● **PROBLEM TO SOLVE**
Which lines of the data contain the string "Table"? Copy every one.

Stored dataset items
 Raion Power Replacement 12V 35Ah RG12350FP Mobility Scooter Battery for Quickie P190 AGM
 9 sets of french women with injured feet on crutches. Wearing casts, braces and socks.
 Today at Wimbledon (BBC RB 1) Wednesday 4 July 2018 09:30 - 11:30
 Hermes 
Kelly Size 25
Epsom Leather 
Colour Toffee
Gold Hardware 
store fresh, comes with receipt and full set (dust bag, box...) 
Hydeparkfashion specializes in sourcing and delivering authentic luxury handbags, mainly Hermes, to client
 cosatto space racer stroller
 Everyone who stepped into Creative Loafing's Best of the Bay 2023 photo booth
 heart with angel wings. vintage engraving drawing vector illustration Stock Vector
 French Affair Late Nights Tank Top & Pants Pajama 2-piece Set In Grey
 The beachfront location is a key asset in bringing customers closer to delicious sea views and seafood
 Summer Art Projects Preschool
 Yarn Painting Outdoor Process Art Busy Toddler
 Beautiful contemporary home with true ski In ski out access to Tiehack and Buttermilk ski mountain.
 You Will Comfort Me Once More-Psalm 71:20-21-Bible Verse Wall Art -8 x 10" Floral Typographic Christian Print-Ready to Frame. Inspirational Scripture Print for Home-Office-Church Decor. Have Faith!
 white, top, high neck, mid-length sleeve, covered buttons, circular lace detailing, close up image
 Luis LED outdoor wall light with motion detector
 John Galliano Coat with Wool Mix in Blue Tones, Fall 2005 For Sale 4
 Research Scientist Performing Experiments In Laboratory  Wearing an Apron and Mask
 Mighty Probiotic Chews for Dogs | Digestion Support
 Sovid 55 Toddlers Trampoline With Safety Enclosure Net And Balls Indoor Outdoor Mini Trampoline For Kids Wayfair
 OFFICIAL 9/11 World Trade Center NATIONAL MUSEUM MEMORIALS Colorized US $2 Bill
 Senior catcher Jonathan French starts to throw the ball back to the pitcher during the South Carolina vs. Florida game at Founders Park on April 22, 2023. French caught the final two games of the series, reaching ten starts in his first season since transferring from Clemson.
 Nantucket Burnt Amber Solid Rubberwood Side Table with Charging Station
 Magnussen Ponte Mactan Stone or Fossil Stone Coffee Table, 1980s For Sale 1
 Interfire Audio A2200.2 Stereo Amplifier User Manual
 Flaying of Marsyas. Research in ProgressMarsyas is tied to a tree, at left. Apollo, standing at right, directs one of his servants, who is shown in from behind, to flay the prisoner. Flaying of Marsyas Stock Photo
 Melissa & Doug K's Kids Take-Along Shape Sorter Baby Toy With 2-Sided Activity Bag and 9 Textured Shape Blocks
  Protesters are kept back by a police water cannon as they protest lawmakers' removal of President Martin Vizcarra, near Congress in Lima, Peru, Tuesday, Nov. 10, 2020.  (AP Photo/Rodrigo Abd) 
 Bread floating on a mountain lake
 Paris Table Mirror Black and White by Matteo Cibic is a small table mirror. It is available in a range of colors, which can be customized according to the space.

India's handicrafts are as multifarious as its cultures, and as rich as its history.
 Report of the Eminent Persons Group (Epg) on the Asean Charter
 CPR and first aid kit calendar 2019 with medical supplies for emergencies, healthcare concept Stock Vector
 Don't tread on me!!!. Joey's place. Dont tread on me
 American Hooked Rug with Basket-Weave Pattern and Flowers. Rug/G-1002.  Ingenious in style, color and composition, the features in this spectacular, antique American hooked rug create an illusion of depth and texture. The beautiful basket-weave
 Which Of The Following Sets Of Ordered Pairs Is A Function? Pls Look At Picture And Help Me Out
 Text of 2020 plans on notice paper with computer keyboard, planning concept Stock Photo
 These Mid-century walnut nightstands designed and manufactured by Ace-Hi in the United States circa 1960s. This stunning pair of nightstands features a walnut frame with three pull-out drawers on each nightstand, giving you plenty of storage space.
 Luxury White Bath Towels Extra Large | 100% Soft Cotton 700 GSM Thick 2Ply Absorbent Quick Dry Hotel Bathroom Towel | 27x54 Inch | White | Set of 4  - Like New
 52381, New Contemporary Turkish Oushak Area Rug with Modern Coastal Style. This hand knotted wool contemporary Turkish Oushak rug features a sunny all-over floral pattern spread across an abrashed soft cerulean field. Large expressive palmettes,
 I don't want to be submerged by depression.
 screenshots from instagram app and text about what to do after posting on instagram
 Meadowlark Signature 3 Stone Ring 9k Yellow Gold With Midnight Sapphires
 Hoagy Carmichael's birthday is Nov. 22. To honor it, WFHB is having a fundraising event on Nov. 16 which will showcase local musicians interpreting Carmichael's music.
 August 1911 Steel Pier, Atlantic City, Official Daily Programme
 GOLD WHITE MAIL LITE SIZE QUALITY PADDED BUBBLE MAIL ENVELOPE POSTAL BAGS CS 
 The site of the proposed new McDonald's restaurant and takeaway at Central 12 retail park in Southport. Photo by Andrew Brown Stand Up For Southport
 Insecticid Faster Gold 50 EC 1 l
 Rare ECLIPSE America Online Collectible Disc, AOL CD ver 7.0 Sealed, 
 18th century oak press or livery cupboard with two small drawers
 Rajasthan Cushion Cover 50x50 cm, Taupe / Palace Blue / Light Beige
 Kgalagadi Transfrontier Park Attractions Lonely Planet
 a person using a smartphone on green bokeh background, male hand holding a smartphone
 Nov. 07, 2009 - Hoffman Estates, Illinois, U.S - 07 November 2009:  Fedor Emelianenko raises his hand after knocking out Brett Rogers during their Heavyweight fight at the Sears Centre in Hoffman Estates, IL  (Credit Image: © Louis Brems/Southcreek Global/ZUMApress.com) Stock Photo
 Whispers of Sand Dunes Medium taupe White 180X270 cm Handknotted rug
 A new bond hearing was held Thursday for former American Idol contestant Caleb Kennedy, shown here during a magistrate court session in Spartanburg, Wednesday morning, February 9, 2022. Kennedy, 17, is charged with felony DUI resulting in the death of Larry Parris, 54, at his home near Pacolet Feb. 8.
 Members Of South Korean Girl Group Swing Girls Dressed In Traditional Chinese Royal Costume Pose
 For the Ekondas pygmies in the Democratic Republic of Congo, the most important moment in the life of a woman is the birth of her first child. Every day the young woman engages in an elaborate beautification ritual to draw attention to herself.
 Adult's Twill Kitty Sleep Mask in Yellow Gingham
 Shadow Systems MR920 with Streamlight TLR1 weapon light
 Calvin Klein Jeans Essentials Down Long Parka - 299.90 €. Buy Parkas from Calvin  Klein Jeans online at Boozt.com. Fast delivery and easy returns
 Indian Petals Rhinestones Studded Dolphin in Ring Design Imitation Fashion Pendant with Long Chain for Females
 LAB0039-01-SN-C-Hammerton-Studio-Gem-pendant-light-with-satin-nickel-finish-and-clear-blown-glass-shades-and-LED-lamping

● **FINISHED TASK**
 Nantucket Burnt Amber Solid Rubberwood Side Table with Charging Station
 Magnussen Ponte Mactan Stone or Fossil Stone Coffee Table, 1980s For Sale 1
 Paris Table Mirror Black and White by Matteo Cibic is a small table mirror. It is available in a range of colors, which can be customized according to the space.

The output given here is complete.